TASK TO COMPLETE =>
Copy out only the lines running from the one that contains "L'Hellas Verona ha" through the end of the listing. Pictures stay out.

DATA =>
#####

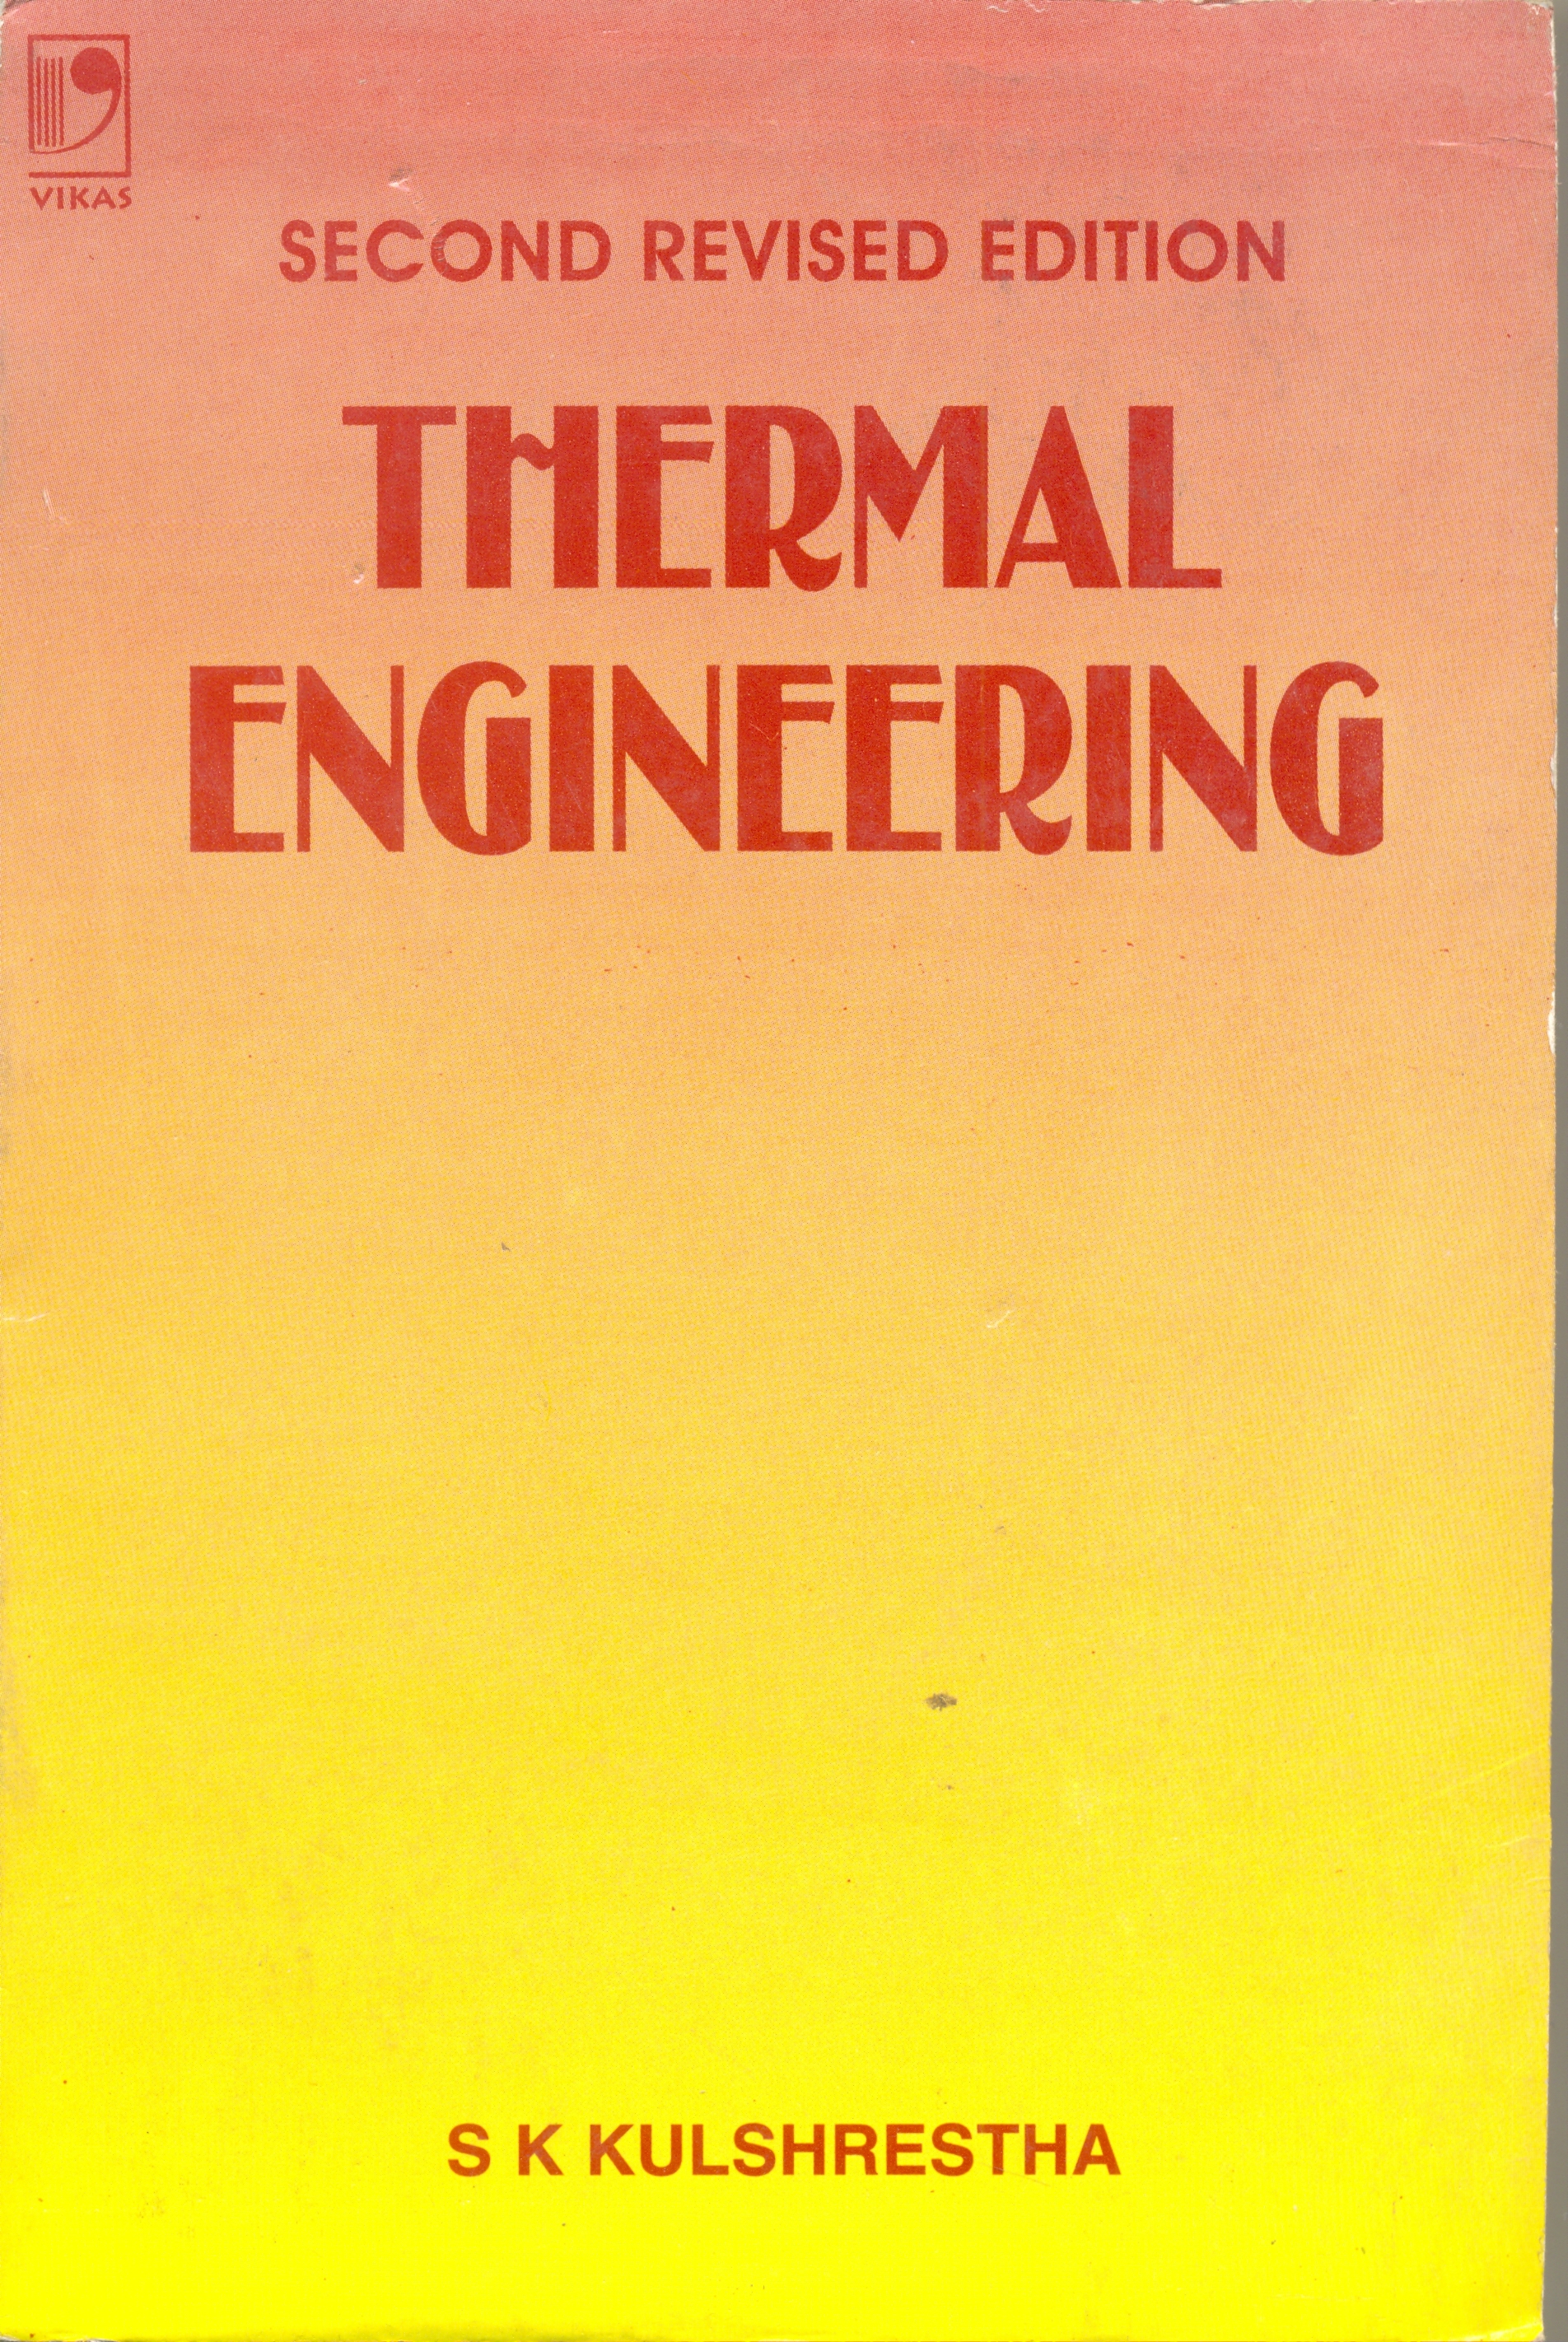 Thermal Engineering
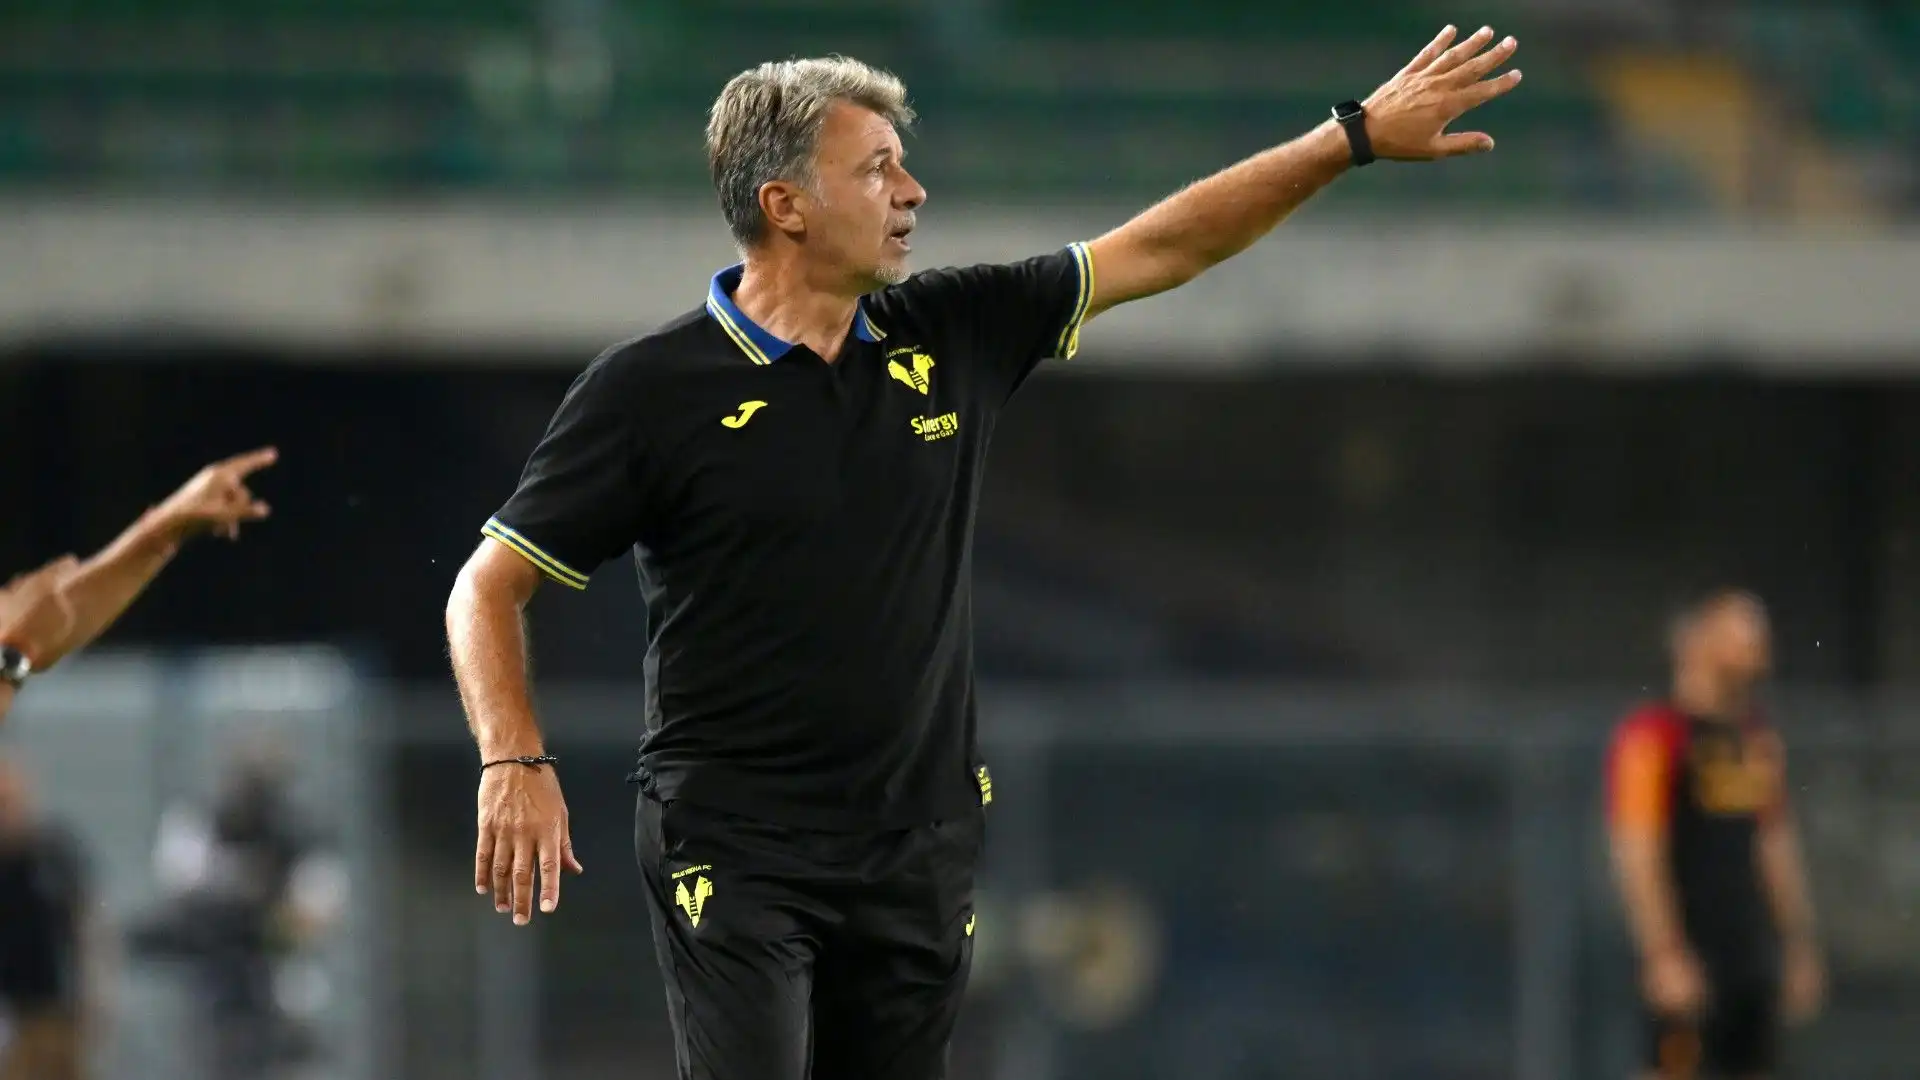 L'Hellas Verona ha sconfitto i giallorossi con il risultato di 2-1
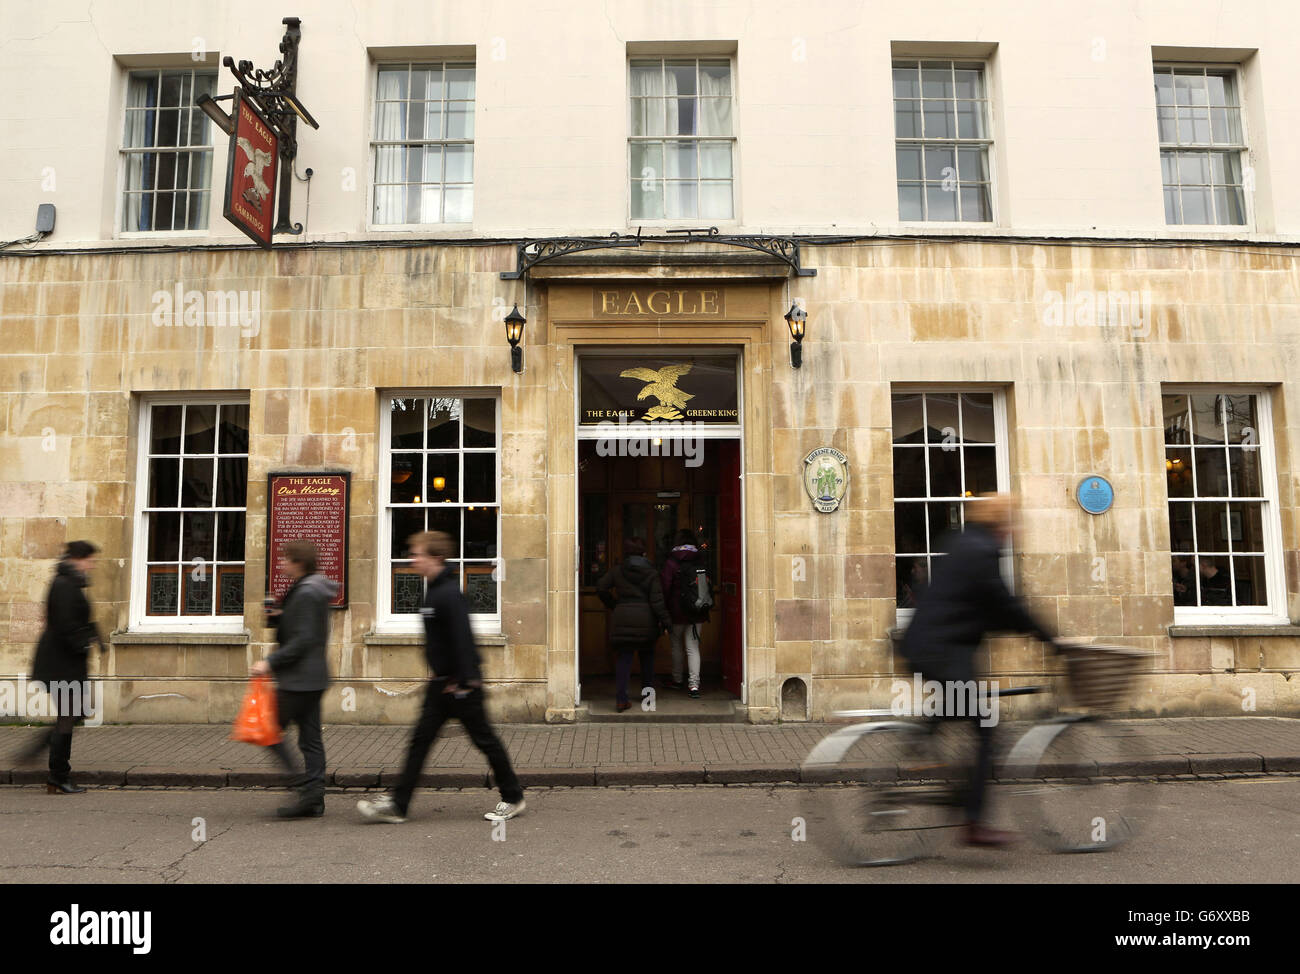 Vista generale del pub Eagle a Cambridge. L'Eagle è una delle più antiche locande di Cambridge, risalente al XIV secolo. Il luogo dove gli scienziati Watson e Crick hanno annunciato al mondo che avevano scoperto il DNA. Foto Stock

#####

SOLUTION FOR THIS TASK =>
 L'Hellas Verona ha sconfitto i giallorossi con il risultato di 2-1
 Vista generale del pub Eagle a Cambridge. L'Eagle è una delle più antiche locande di Cambridge, risalente al XIV secolo. Il luogo dove gli scienziati Watson e Crick hanno annunciato al mondo che avevano scoperto il DNA. Foto Stock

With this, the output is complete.